BEGIN Input data
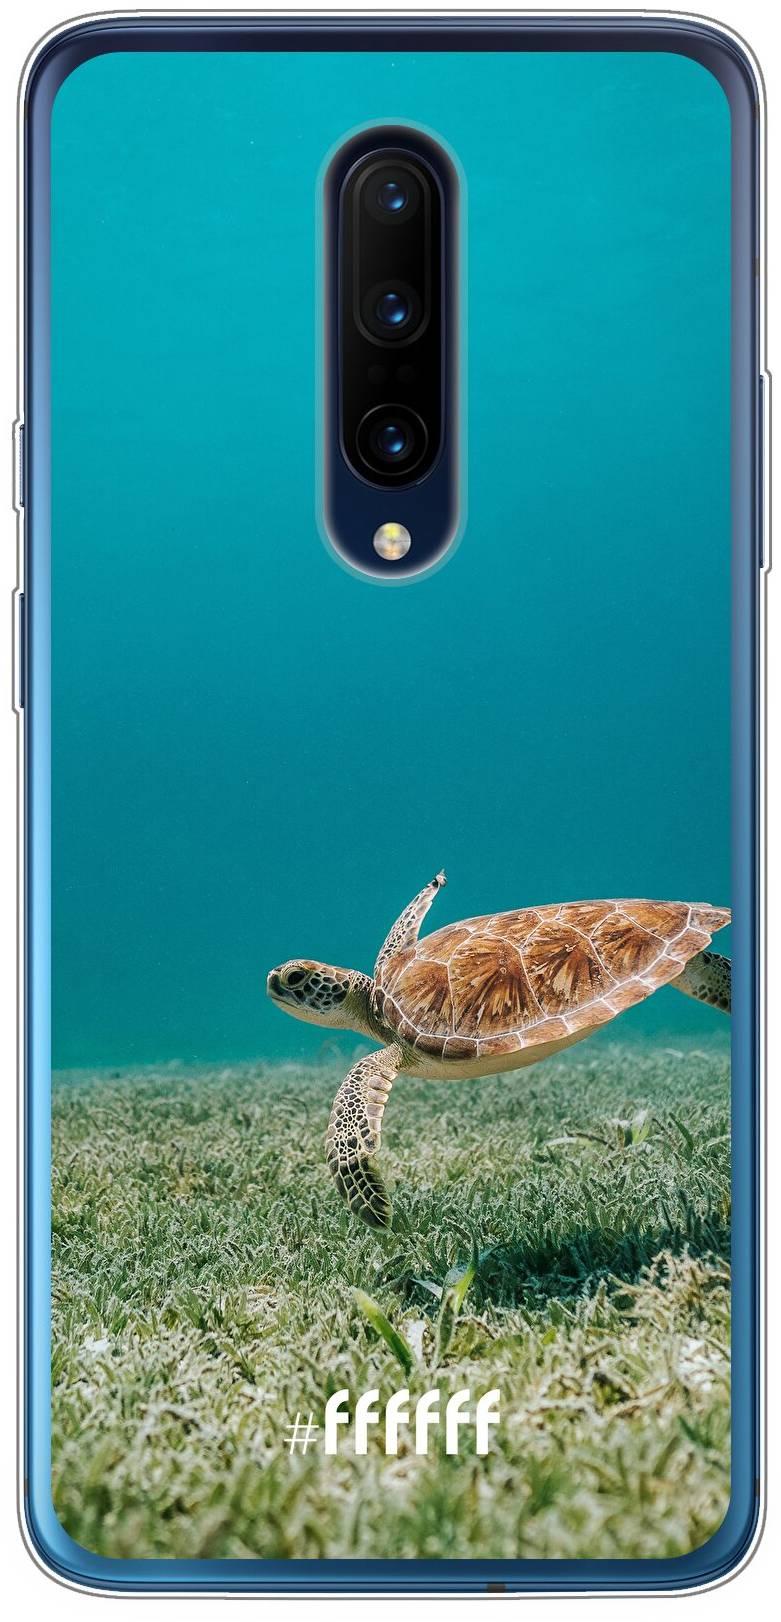 Turtle 7 Pro
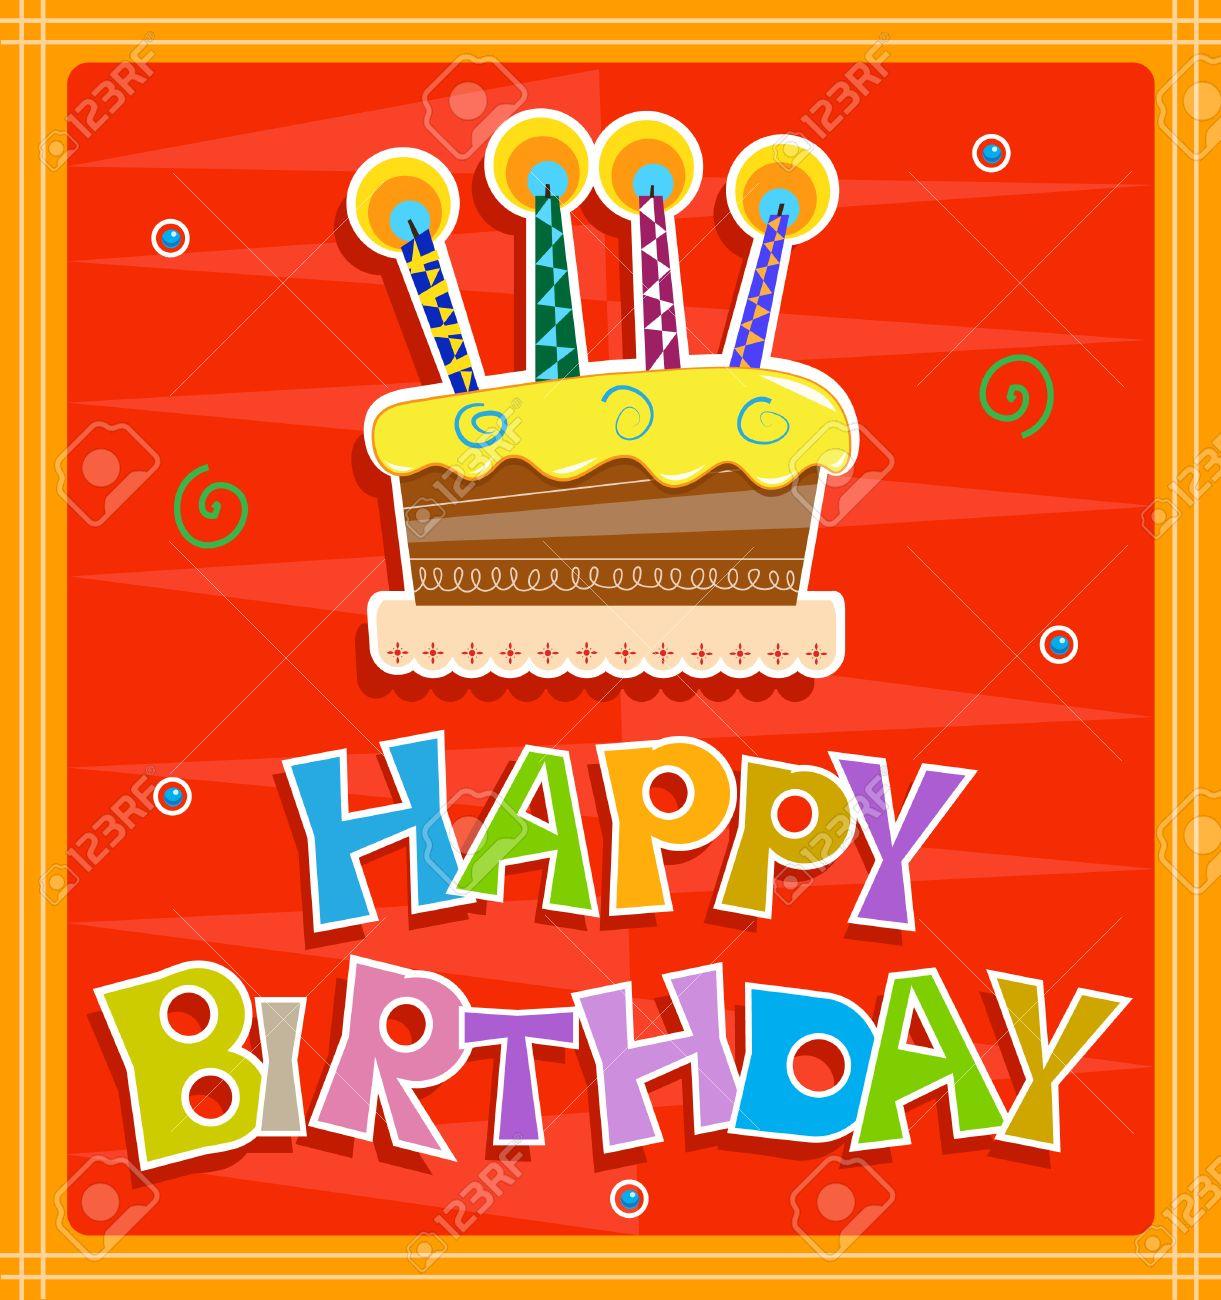 Happy Birthday Card Cheerful Birthday Greeting Card Design – Latest Birthday Cards Designs
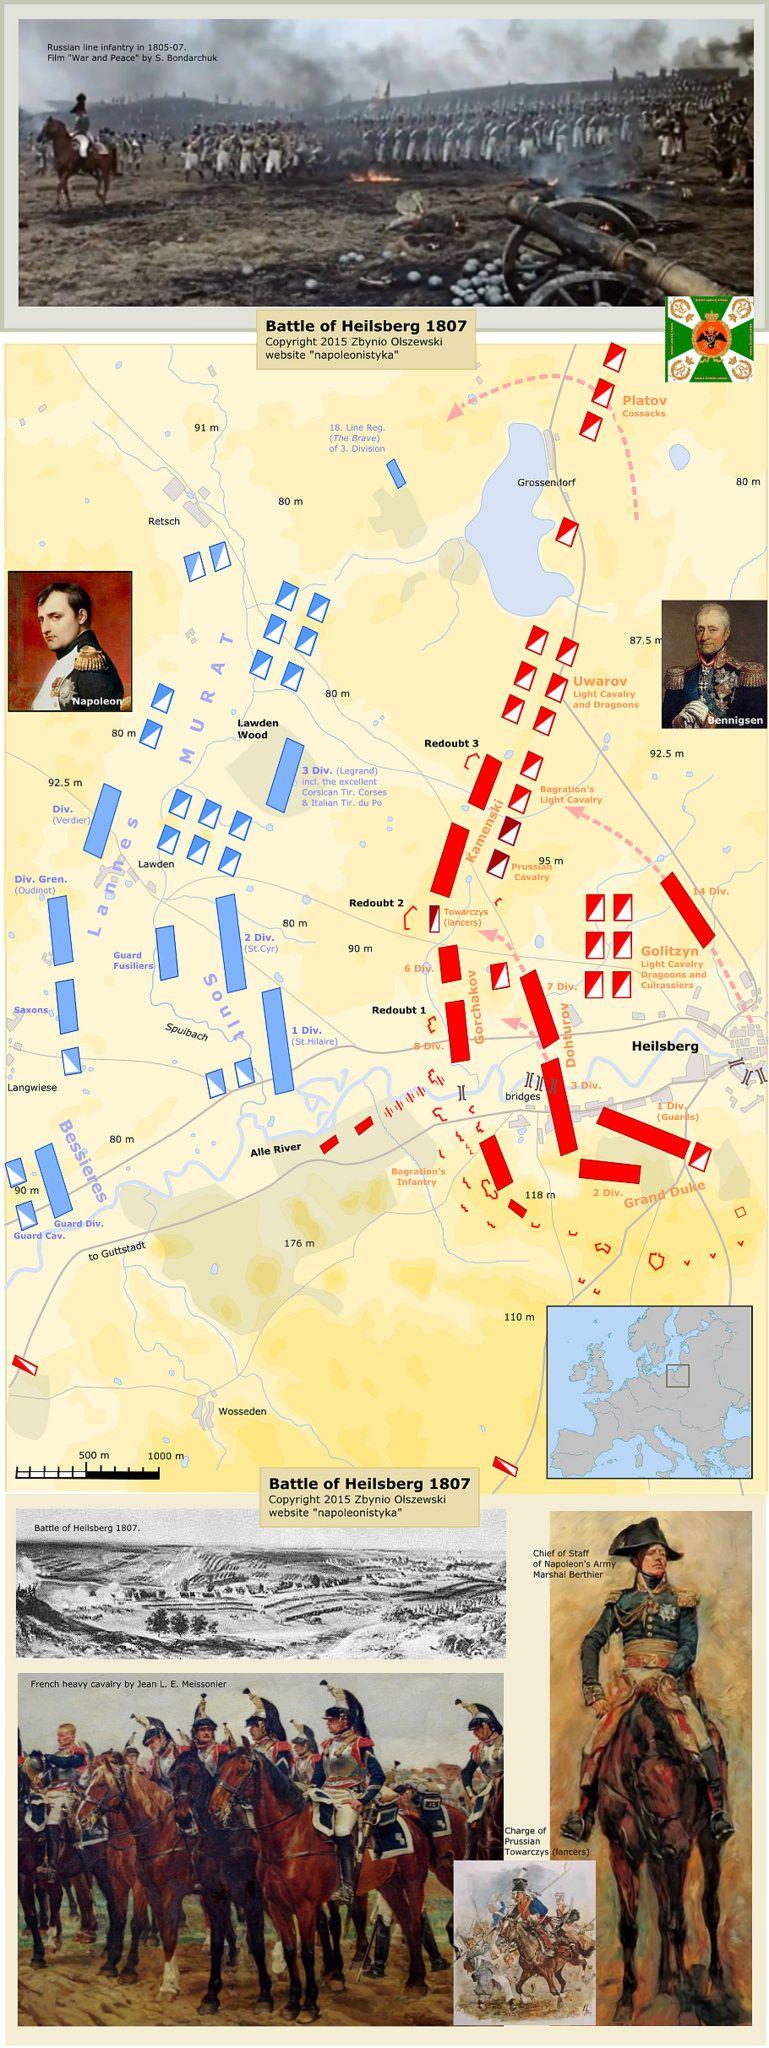 Article and more maps here mapswar2x10hostcomBattleofHeilsberg1807htm
END Input data
Restate the material above word for word, dropping the pictures.

Task answer:
 Turtle 7 Pro
 Happy Birthday Card Cheerful Birthday Greeting Card Design – Latest Birthday Cards Designs
 Article and more maps here mapswar2x10hostcomBattleofHeilsberg1807htm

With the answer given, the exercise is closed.